Beef export update June 2025

June 2025 - Beef export update
June 2025 saw record levels of beef exports leave Australia with a reported 134,596 tonnes shipped offshore over the month. This is a solid 4% higher than the previous record set in October 2024. Curiously, Australia’s largest market for beef, the USA, saw a decline in the trade over June but strong results in other top destinations more than offset this to see the record cracked.
Compared to June 2024 the current flows are 27% stronger and sit 50% above the five-year average volumes seen for the June period.
A summary of the top trade locations, in order of top market share for 2025, is as follows:
USA – There was an 8% easing in Aussie beef exports to the USA during June, but trade flows remain very elevated. There was 35,230 tonnes shipped during June which, despite the easing from May, still sits nearly 80% above the average trade flows seen during June, based upon the last five-years of the trade.
China – A move towards Aussie beef and away from US beef appears to remain the trend in China with nearly 390 US packer/exporters yet to have the access to China renewed for beef. June saw a 14% surge in Aussie beef exports to China to hit 27,265 tonnes shipped over the month. This represents trade levels that are 81% higher than the five-year June average seasonal trend.
Japan – The beef trade to Japan lifted by 10% during June, bringing trade levels back on par with the June five-year average after spending May below the average seasonal trend. There was 21,876 tonnes of beef shipped to Japan from Australia during June, a good recovery but still nearly 15% below what what was exported in June 2024.
South Korea – There was 19,343 tonnes of Aussie beef exported to South Korea in June, representing an 11% increase on the flows seen in May. Compared to the five-year average the South Korean trade in Aussie beef currently sits 34% above the average seasonal trend.

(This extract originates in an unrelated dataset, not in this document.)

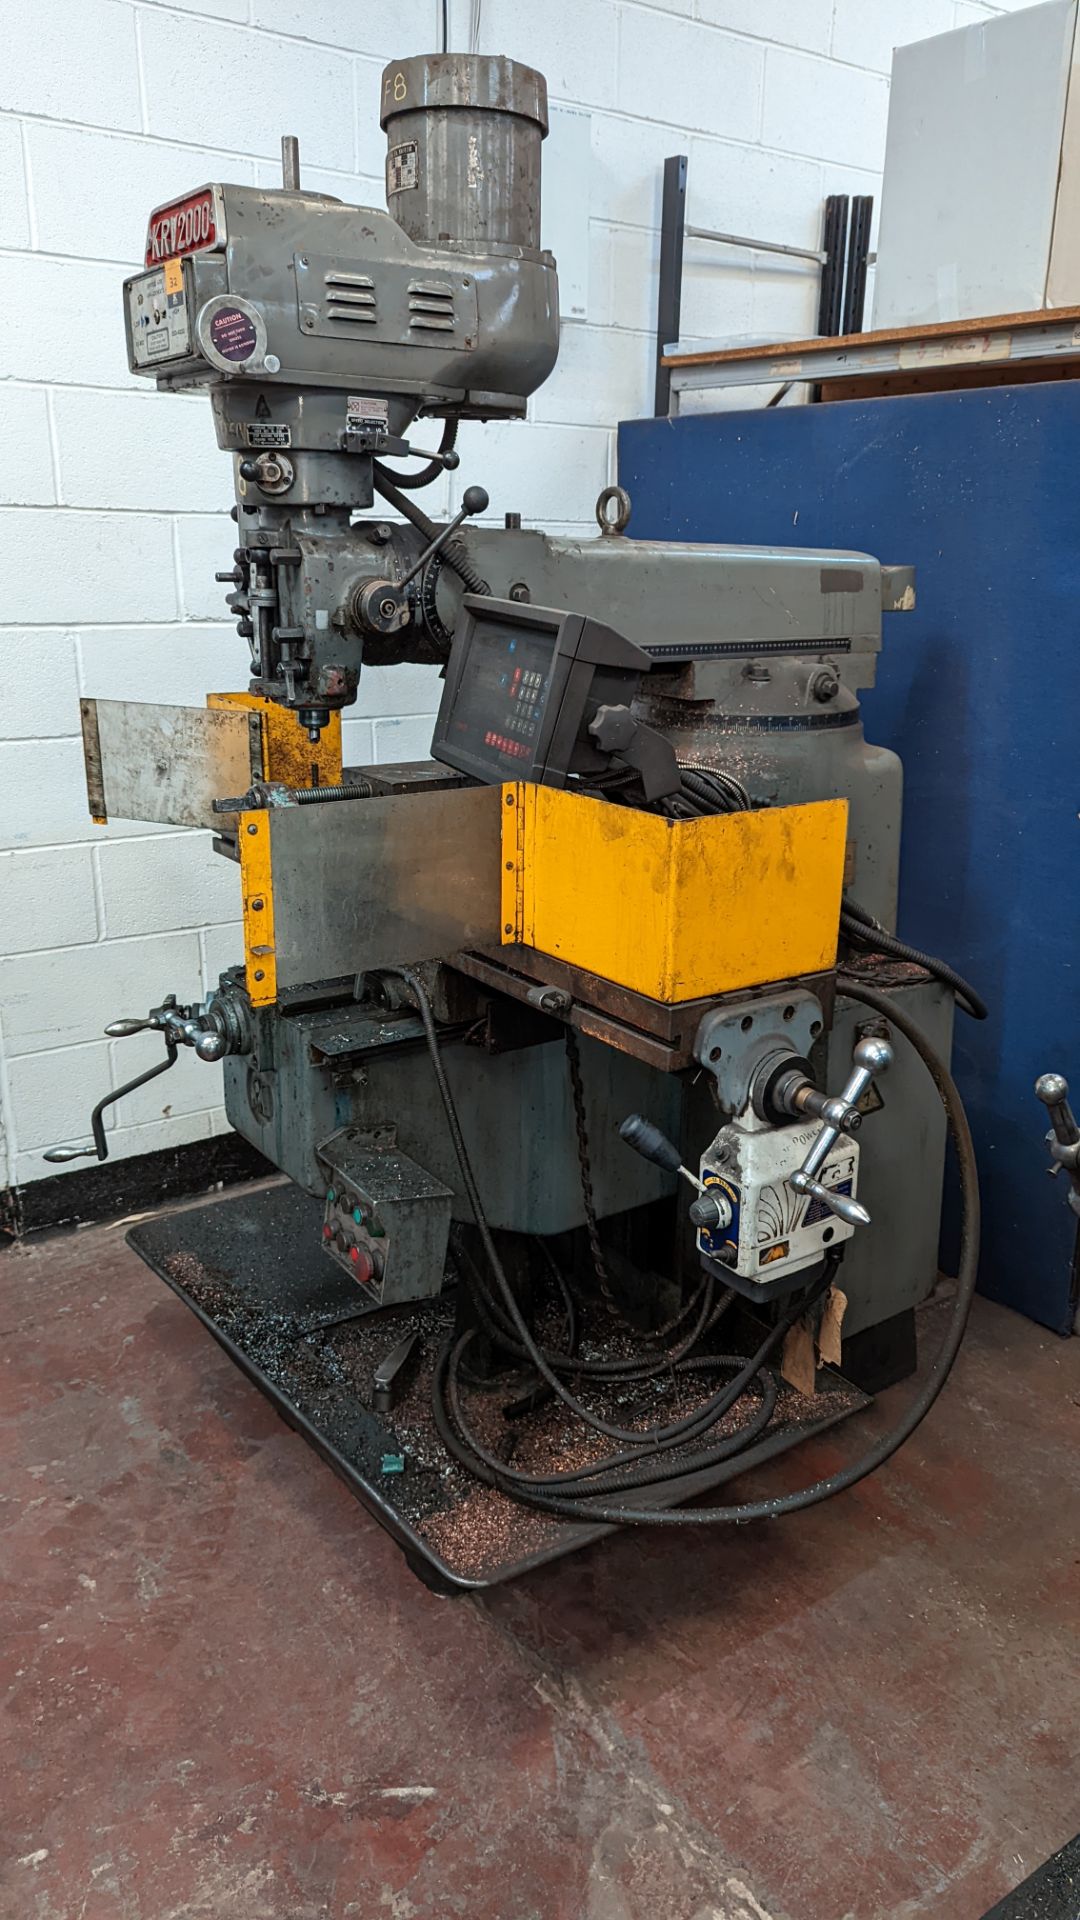 KRV2000 turret milling machine with Newell DP7 DRO & Align CE-500S power feed - Image 10 of 16

The USA is Australia’s main beef competitor in South Korea, as is the case too in Japan, and it appears the high US cattle and beef prices relative to Australia are taking their toll on US competitiveness. The trade antics of the Trump administration are probably not encouraging the South Korean and Japanese consumers to favour US beef over Aussie beef either presently. The reliability, consistency and quality of Aussie beef supply to these key markets, not to mention our current cost advantages to the US, are setting Australia up for a strong second half of 2025, particularly given the unfriendly trade rhetoric coming from the Whitehouse presently towards Japan and South Korea.